The final profile shows an energetically stable configuration. The cube speeds have been "decomposed" into a spectrum that is a global non-collision arrangement. In keeping with the relative speed definitions above, the slower top strata cubes are moving north, and the faster bottom strata cubes are moving south; the cubes are tending to separate all along the axis—this is the signature of the SCA's rule; the separation tendency per se is characteristic of stratification. From the vantage point of the Demonstration's main abstraction, namely that cube speed is a function of cube mass and size, the slower, sluggish, less mobile cubes ascended to the top of the profile, while the more mobile ones descended toward the bottom. Assuming that cube collisions free up the cubes so that (predominantly) gravity may then catalyze settling (collide/mixdeflect/settle), a practical, physical explanation of the dynamics that foster the final profile from the second vantage point might be that the more mobile cubes tend to attain to their lowest energy state in relatively better response to the force of gravity than the larger, more massive ones, which are inhibited by the friction set up by their larger size and by inertia. As more relatively mobile cubes lower their energy (at the expensive of shaker box vibrational energy) and ultimately attain to their (ever-changing) new ground state, commensurately more bases are formed by these cubes all throughout the profile upon which relatively less mobile cubes may climb (again, at the expense of shaker box vibrational energy) or float (when size precludes climbing and settling) in an energetically stable manner.

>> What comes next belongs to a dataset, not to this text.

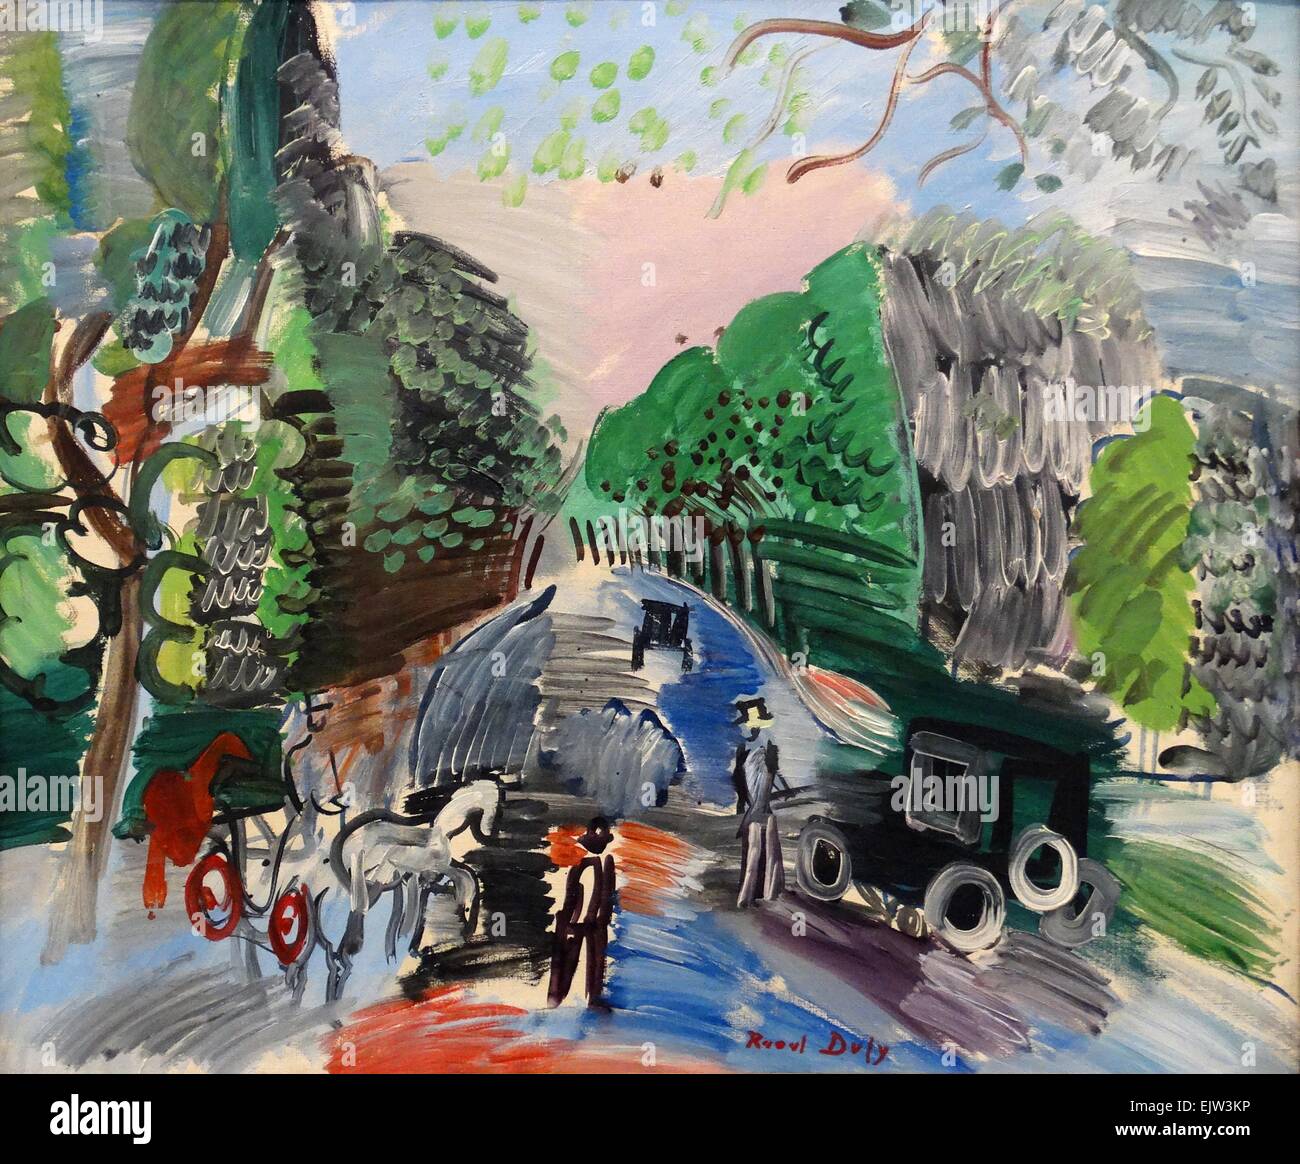 Au Bois De Boulogne von Raoul Dufy (1877-1953). Öl auf Leinwand, 1920. Dufy war ein französischer fauvistischen Maler, der einen farbenfrohen, dekorativen Stil entwickelt, der schnell in Mode kam. Stockfoto

These bases are not static; they shift levels in lockstep with the new ground states that are set by cube arrangement destabilizations (see premise), and appear as a continuum as the cube arrangement moves from randomness toward some measure of stratification (especially early in the settling process), thus they are hard to follow early on in the SCA output (it helps to use the "color scheme" control here). Nevertheless, these bases are "string-like discrete" in the final profile in that they appear to manifest as the interfaces between the strata.